After configuration, run the following python code to generate multi-hop questions.

cd MQA-QG
python run_multihop_generation

A sample of generated (question, answer) pair for HybridQA is:

{
  "table_id": "\"Weird_Al\"_Yankovic_0",
  "question": "In what film did the Dollmaker play the role of Batman?",
  "answer-text": "Batman vs. Robin",
  "answer-node": [
    [
      "Batman vs. Robin",
      [
        12,
        1
      ],
      "/wiki/Batman_vs._Robin",
      "table"
    ]
  ],
  "question_id": "6",
  "where": "table",
  "question_postag": "IN WDT NN VBD DT NN VB DT NN IN NNP ."
}

A sample of generated (question, answer) pair for HotpotQA is:

{
  "passage_id": "5a70f0c05542994082a3e404",
  "ques_ans": [
    {
      "question": "When did the name that is the nickname of Baz Ashmawy begin filming Culture Clash?",
      "answer": "September 2008"
    },
    {
      "question": "How did the book that is the nickname of Baz Ashmawy travel to film Culture Clash?",
      "answer": "travelled the world"
    },
    {
      "question": "What is the common name of the song that is the name of Bazil Ashmawy 's first television show?",
      "answer": "Baz Ashmawy"
    }
  ]
}

(Optional) You could then rank the generated questions by the PPL under the pretrained GPT-medium model, by running the following codes:

python run_ppl_ranking.py \
  --input_dir ../Outputs/train_text_to_table.json \
  --output_dir ../Outputs/PPL_rank_train_text_to_table.json

Unsupervised Multi-hop QA

a) HotpotQA

We use the SpanBERT (Joshi et al., 2020) as the QA model for HotpotQA.

Data Preparation

First, in the project root directory, run the following scripts to prepare the data.

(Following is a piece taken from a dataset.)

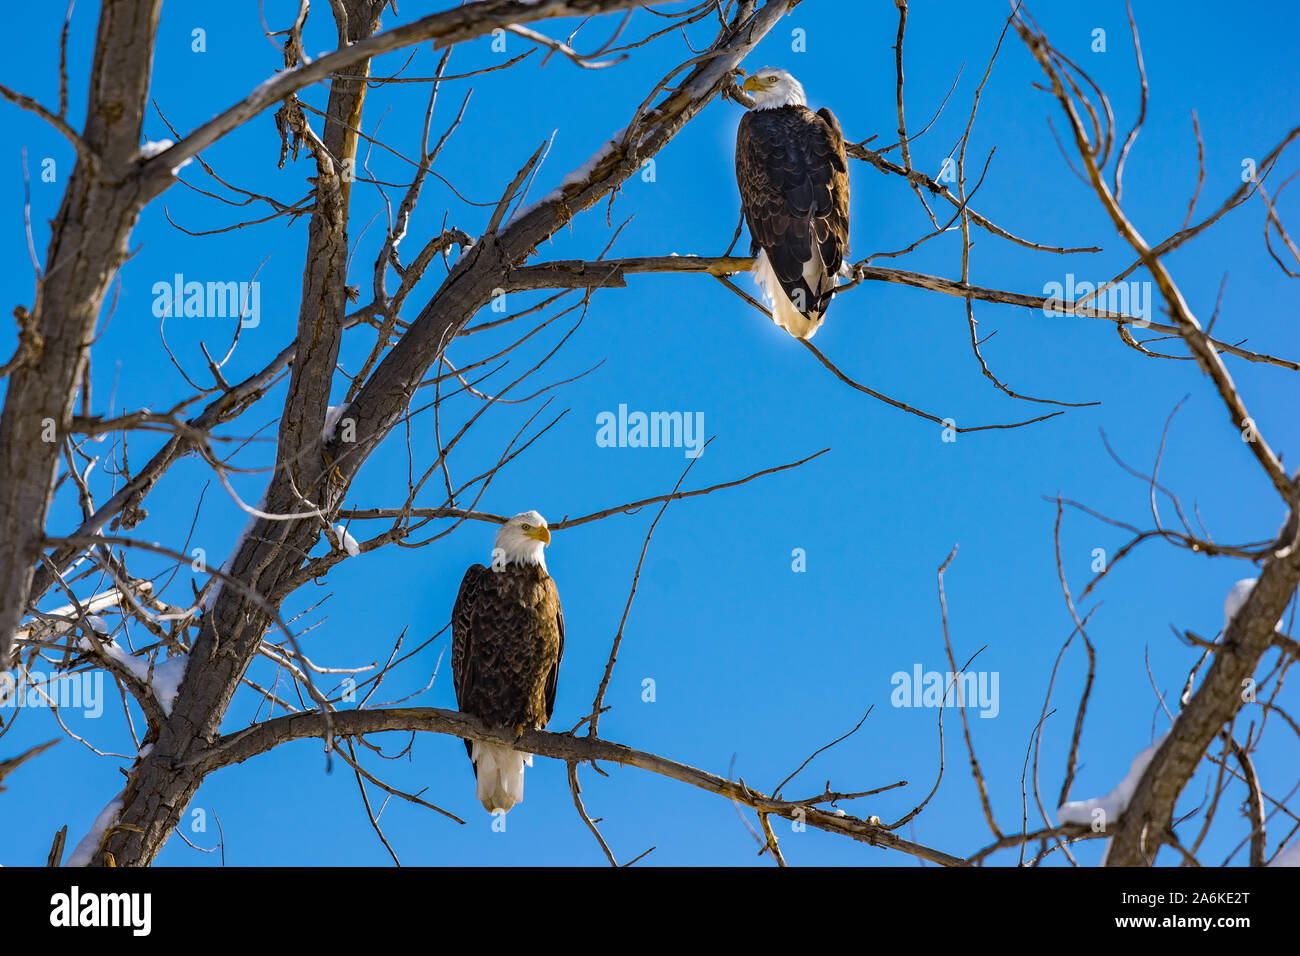 A Majestic Bald Eagle Pair Perched in a Tree Stock Photo

# Prepare the human-labeled training set
python Multihop_QA/HotpotQA/prepare_qa_data.py \
  --src_path ./Data/HotpotQA/dataset/train.src.json \
  --qa_path ./Data/HotpotQA/dataset/train.qa.json \
  --output_path ./Multihop_QA/HotpotQA/data/train.human.json

# Prepare the human-labeled dev set
python Multihop_QA/HotpotQA/prepare_qa_data.py \
  --src_path ./Data/HotpotQA/dataset/dev.src.json \
  --qa_path ./Data/HotpotQA/dataset/dev.qa.json \
  --output_path ./Multihop_QA/HotpotQA/data/dev.human.json

# Prepare the generated training set 
# (the generated questions in the last multi-hop QG step, name it as `train.hotpot.generated.json`)
python Multihop_QA/HotpotQA/prepare_qa_data.py \
  --src_path ./Data/HotpotQA/dataset/train.src.json \
  --qa_path ./Data/HotpotQA/dataset/train.hotpot.generated.json \
  --output_path ./Multihop_QA/HotpotQA/data/train.generated.json

This will create three datasets in the ./Multihop_QA/HotpotQA/data/ directory:

  • train.human.json: the human-labeled HotpotQA training set (90442 samples).
  • dev.human.json: the human-labeled HotpotQA validation set (7405 samples).
  • train.generated.json: the QA pairs generated by our MQA-QG model.

You could skip this data preparation process by directly downloading the above three files here.

Model Training

In the ./Multihop_QA/HotpotQA/ folder, run bash train.sh to train the SpanBERT QA model. Here is an example configuration of train.sh:

#!/bin/bash
set -x

DATAHOME=./data
MODELHOME=./outputs/supervised

mkdir -p ${MODELHOME}

export CUDA_VISIBLE_DEVICES=2

python code/run_mrqa.py \
  --do_train \
  --do_eval \
  --model spanbert-large-cased \
  --train_file ${DATAHOME}/train.human.json \
  --dev_file ${DATAHOME}/dev.human.json \
  --train_batch_size 32 \
  --eval_batch_size 32 \
  --gradient_accumulation_steps 8 \
  --learning_rate 2e-5 \
  --num_train_epochs 4 \
  --max_seq_length 512 \
  --doc_stride 128 \
  --eval_per_epoch 10 \
  --output_dir ${MODELHOME} \

There are two typical settings:

  • Supervised QA Setting: train the SpanBERT model on the human-labeled training set (train.human.json) and then evaluate the performance on the human-labeled validation set (dev.human.json).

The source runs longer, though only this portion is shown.